Wednesday, January 23, 2008

Never Try to Sneak Past a Ram

I had kind of a fright yesterday evening. One of our young goats, Emerald (also known as Emmy), looks like she might be close to...I guess it's called "kidding"? When sheep have lambs, it's called "lambing," and a baby goat is called a "kid"... Anyway, you get the idea. She's not very big, and I wanted to get her separated from the other goats and sheep in case she did have one. And also we're having a cold spell here, around 10 degrees or below this morning and maybe colder tomorrow morning. Goats have a tendency to go wherever they want to, especially if they can find any kind of hole or space in the fence. Remember Max, our Rambouillet ram? Kind of a tall fellow, weighing maybe 250 pounds?

Well, somehow Emmy had gotten in the little lot with him, along with another of the older goats. They did pretty well together most of the time, but most sheep and goats, when you put out the food, will ram into (no pun intended) each other trying to get to it. Most of them seem to have no manners at all. So I thought that with the difference in their size, I should get Emmy away from Max. I poured some of their evening corn over the fence, and still having some in the bucket, thought I would lure Emmy with it into the little enclosed pen inside the sheep barn. "Max will be all involved with eating and won't pay any attention to us," I thought. "We'll go around behind him and be inside before he's any the wiser." It started out just fine. Emmy stuck her head in the bucket and followed as I began backing toward the pen. We were getting close when Max noticed my bucket. Of course to a sheep, anything other than what you're eating must certainly be better than what you have in front of you, so here came Max. Emmy was used to dodging him and left. So here I am, backing into this little bitty space with nowhere to go. I tried to pull the wire panel in between us, but it had so much hay down on the bottom of it that I couldn't move it. I can't say that he was really charging at me, but I didn't want to stay there and ponder about it. Trying to sound fierce I shouted, "Get back!", but for some reason he didn't seem too intimidated. He was close enough that I gave him a whack with my too-small, light-weight plastic bucket. He backed up just a little, but came toward me again, so this time I yelled, "Get back!", threw the bucket at him, and jumped up on the fence. The bucket somehow landed right-side up and still had corn in it, so having gotten what he wanted all along, Max stuck his head in and began eating. As I perched there on the fence, I could feel my heart pounding. Needless to say, I climbed on out over the fence and didn't go back the way I came in.
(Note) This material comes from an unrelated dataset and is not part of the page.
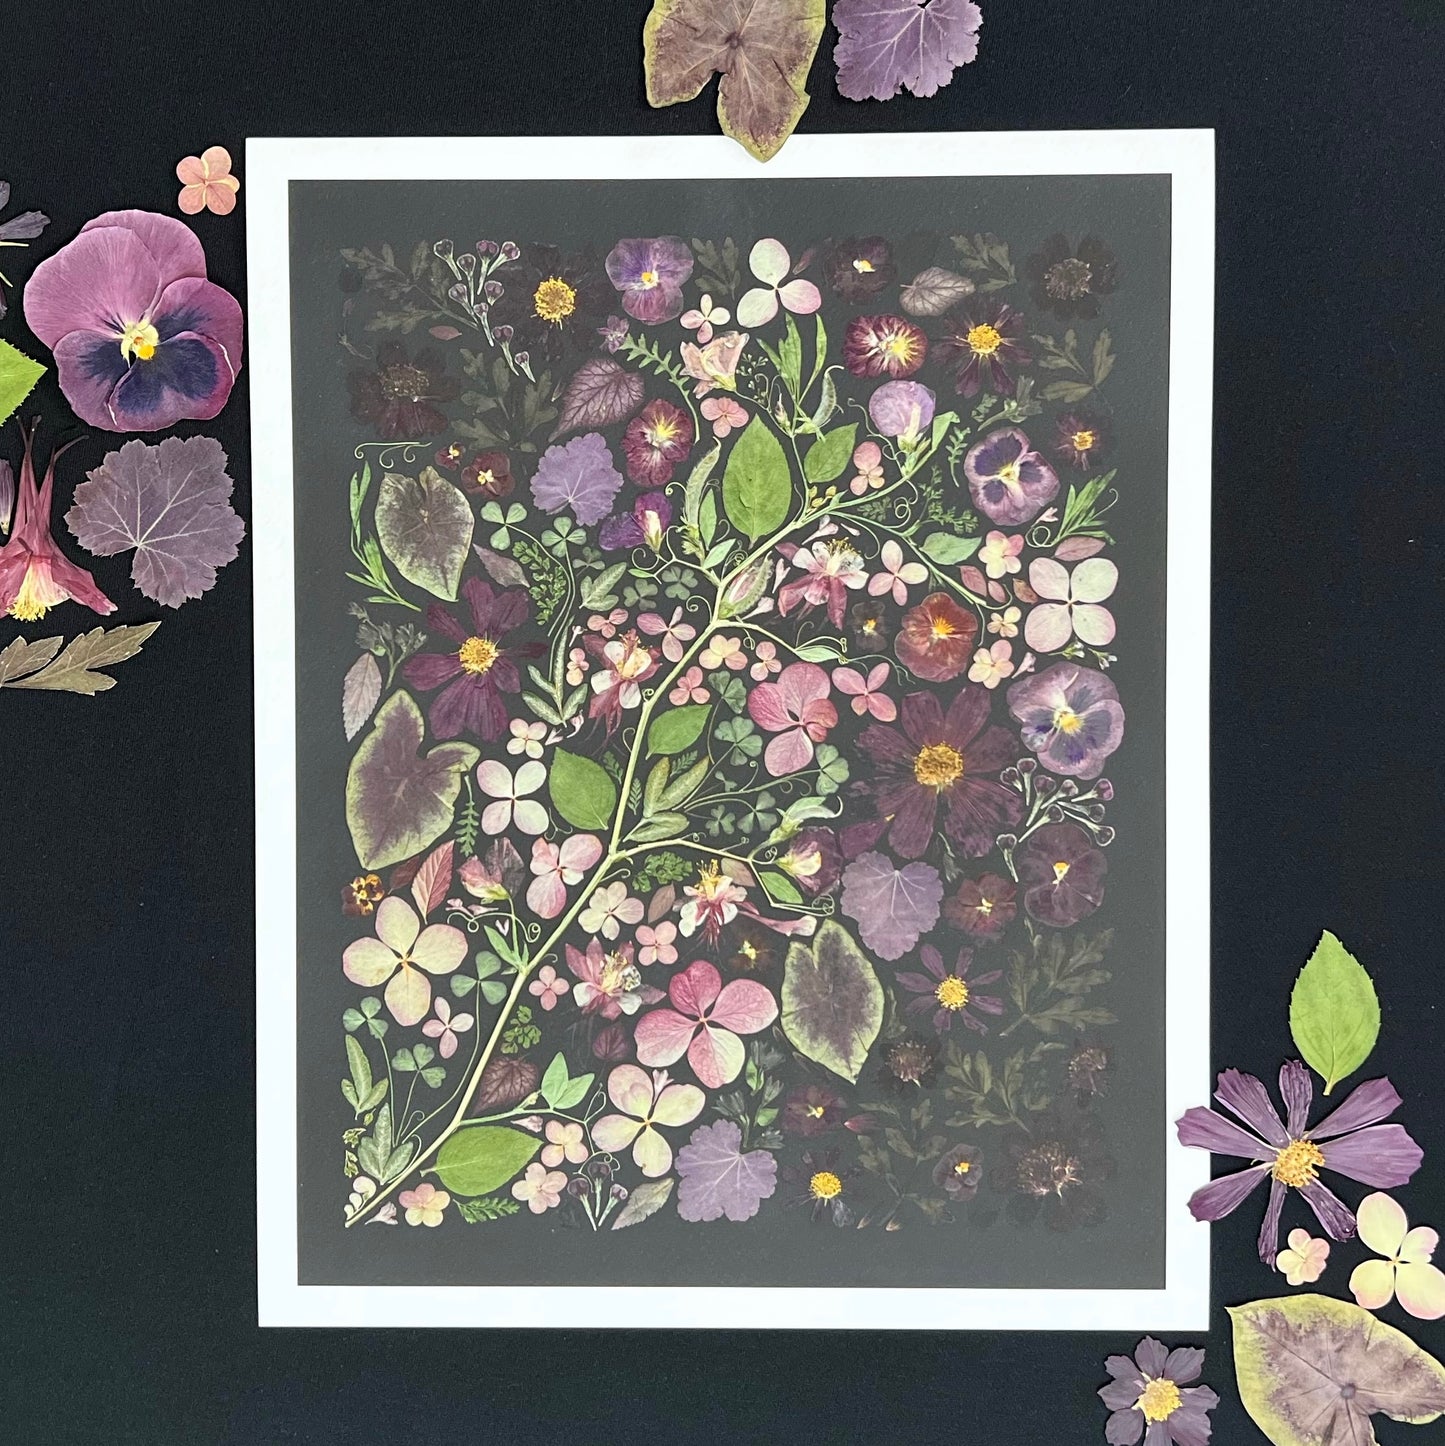 A black picture with a white trim is sitting on top of black fabric. The art has pressed flowers in a variety of colors appearing to come from a vine. There are several loose pressed flowers laying on the fabric and a few are touching the white border.

My husband had just gotten home from work about the time I came up with this nutty idea, but had gone in the house for something before coming back out to do his chores. So, yes, it was a pretty dumb stunt on my part. After he came out, he helped get everybody sorted out. I tried to keep Max's attention (from outside the fence) while he got Emmy safely into her pen.

After I fed some hay this morning, Max's water was frozen in his pan, so I got some and poured through the fence. He had his back to me at the time, and I did take some fiendish pleasure in the fact that when I poured the water in, it startled him enough that he jumped. :)

Anyway, the moral of the story is: Never try to sneak past a ram.


Knitted Gems said...

OMG, thank goodness you weren't hurt. I don't think I would have handled it so well. My story would have involved some high pitched shrieking.

Prairie Daisy Handspun said...

Yes, even when an animal that big seems gentle (especially males), you should always treat them like they might come after you at any moment. I guess I learned my lesson. :)

My name is Bonny said...

That would have given me a fright also - I'm glad it all worked out and you're OK. My uncle used to have sheep and I'll never forget one running after me ... I was only about twelve and it scared the life out of me!

Prairie Daisy Handspun said...

It was a scary sight for sure. I'm thinking that miniature sheep are looking better and better all the time!